Yield of rice and fish

The farmers in the two districts shared many basic characteristics (Table 3). They used almost the same amount of rice seeds, and the rice yields did not differ between the groups of farmers (P > 0.05, Table 4). The slightly lower yields among the rice–fish farmers could be explained by the fact that part of the field was used for the fish canal.

Table 3 General information about rice–fish (RF) and rice (R) farmers in the Cai Be district and rice (R) farmers in the Lang Sen Wetland Reserve (LSWR)

Table 4 Rice seeds, fish fingerlings and yield of rice and fish (kg ha⁻¹ crop⁻¹) among rice–fish (RF) and rice (R) farmers in Cai Be and rice (R) farmers in LSWR

The two most common fish species grown among the rice–fish farmers were Snakeskin gourami (Trichopodus pectoralis) and Climbing perch (Anabas testudineus), with an average yield of 586 and 142 kg per hectare, respectively. Only three of the rice–fish farmers grew other fish species, such as grass carp (Ctenopharyngodon idella) and common carp (Cyprinus carpio).

The majority (80%) of the rice–fish farmers had changed from only rice farming to rice–fish farming. The main reason was that they had learned that rice–fish farming could increase their income. The fish yield had declined over the last 3 years for all rice–fish farmers, and most farmers felt that this was due to an overuse of pesticides. Farmers also perceived that the catch of wild fish had declined because of pesticides, the use of illegal fishing gear and loss of breeding habitat for aquatic animals, due to intensification of rice faming and the use of three crops per year.

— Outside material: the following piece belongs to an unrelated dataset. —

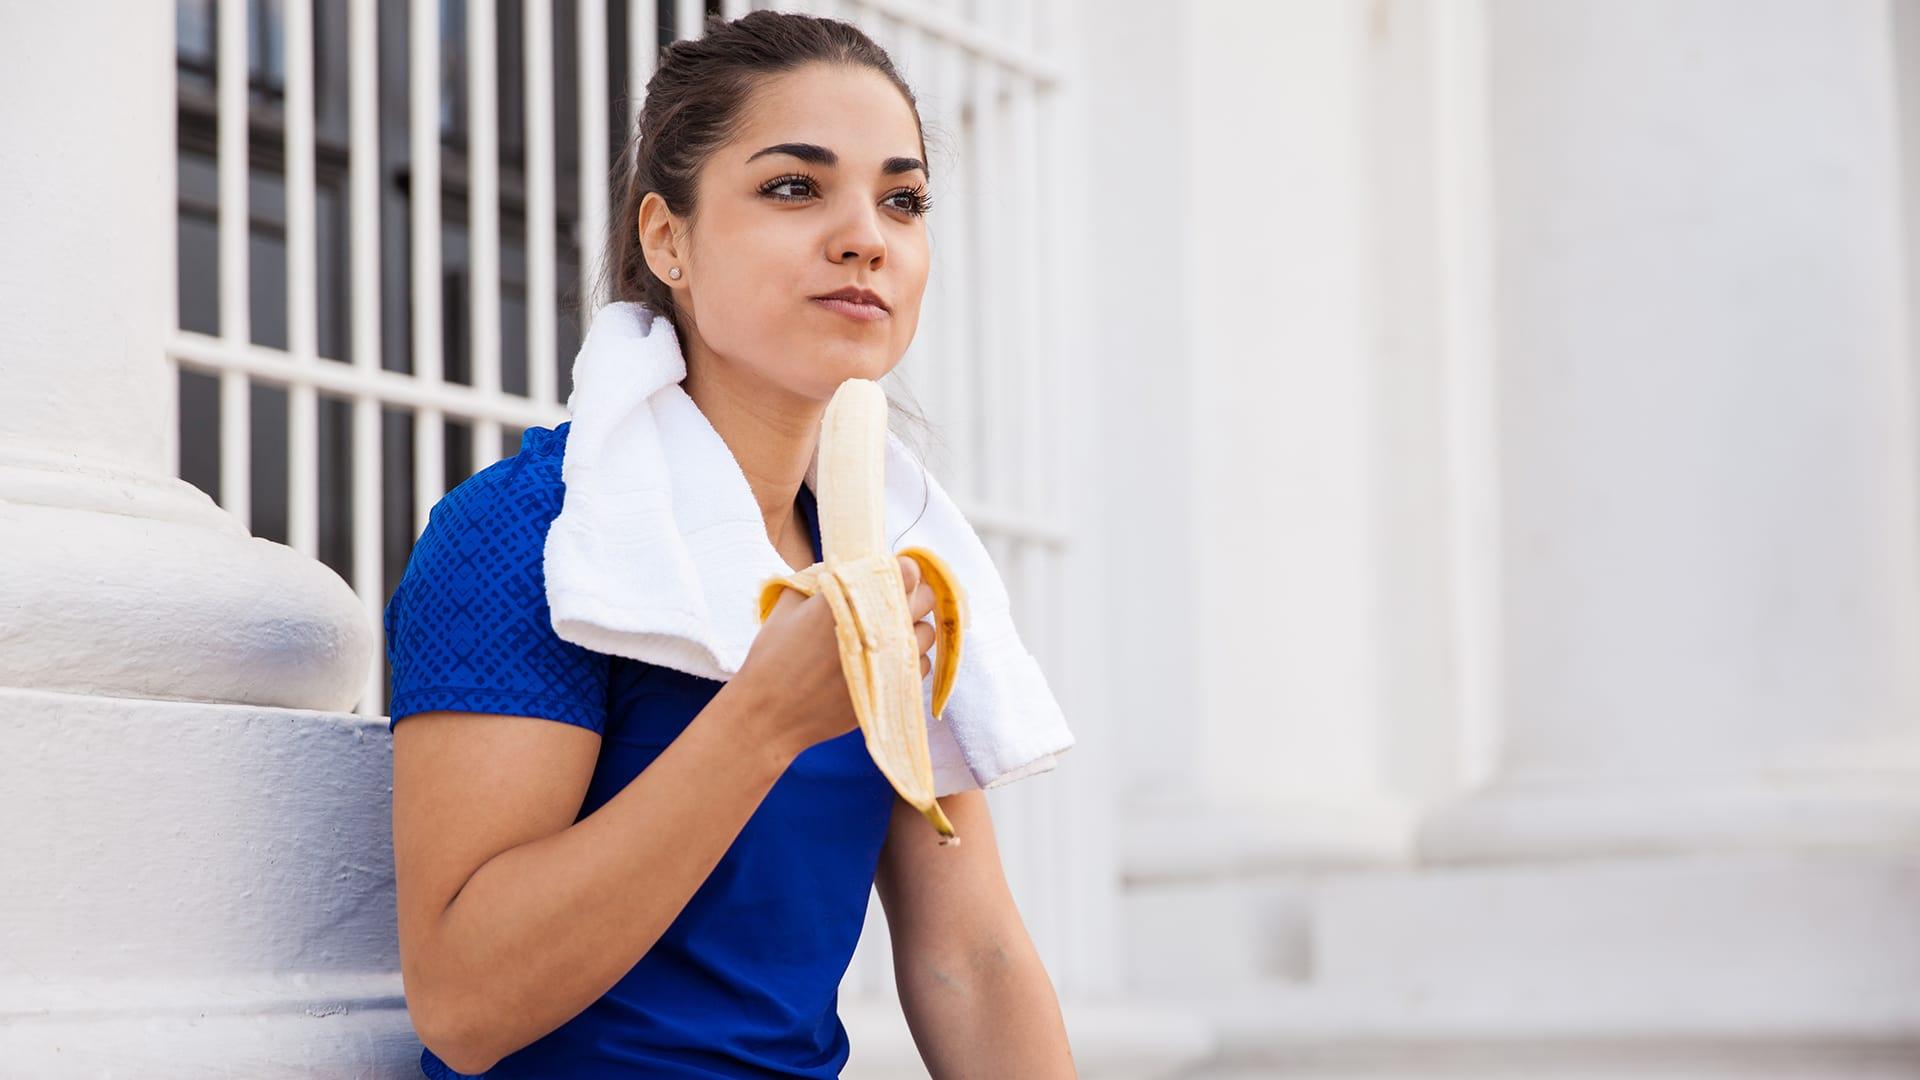 Så ska du äta om du tränar för att få bättre kondition

Agrochemicals and pest management strategies

The rice–fish farmers used less amounts of fertiliser than the rice farmers in both Cai Be and LSWR (Table 5). The farmers in LSWR used higher amount of fertilisers than the farmers in Cai Be (Table 5, P < 0.05).

Table 5 Average dose (kg ha⁻¹ crop⁻¹) of fertilisers among rice–fish (RF) and rice (R) farmers in Cai Be and rice (R) farmers in LSWR

All farmers used pesticides as the main method to control pests. A total of 38 different pesticides and 35 different active ingredients (a.i.) were identified among the rice farmers in Cai Be. The rice–fish farmers in Cai be, used 36 different pesticides with 32 different active ingredients, which was slightly lower than the rice farmers. The highest number of pesticides was found in LSWR, with 40 different pesticides and 37 different active ingredients.

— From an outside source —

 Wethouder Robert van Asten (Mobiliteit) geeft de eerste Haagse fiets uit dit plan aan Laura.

Fungicides and insecticides were the group of pesticides with the highest diversity. This could be due to problems with pesticide resistance in insects and fungal populations. The most problematic pest, mentioned by the farmers in Cai Be and LSWR, was the Brown planthopper (Nilaparvata lugens), which transmits a pathogenic virus and can cause significant crop losses. Brown planthopper was also a problem for the farmers in LSWR. The most commonly used insecticide, among all farmers was Chess 50 with the active ingredient pymetrozine.

Fungicides were commonly used by all farmers to control the rice blast disease caused by Pyricularia oryzae. The most commonly used fungicide was Anvil (a.i hexaconazole) in Cai Be and Amistar (a.i azoxystrobin and difenoconazole) in LSWR.

Herbicides and molluscicides were the group of pesticides with the lowest diversity. The most commonly used herbicide and molluscicide in Cai Be and LSWR were Sofit (a.i pretilachlor) and Toxbait (a.i metaldehyd), respectively.

All farmers said that they used pesticides that only killed target species. Rice–fish farmers were more cautious to use pesticides than the other farmers, because they had seen negative effects from pesticides on the fish. All farmers (except for two non-IPM farmers in Cai Be) knew about natural enemies to pests in their fields. The natural enemies that were mentioned were spiders, ants, bees, beetles, dragon flies, ladybugs and fish. All farmers knew that pesticides could kill these natural enemies, which in turn could lead to more problems with pests.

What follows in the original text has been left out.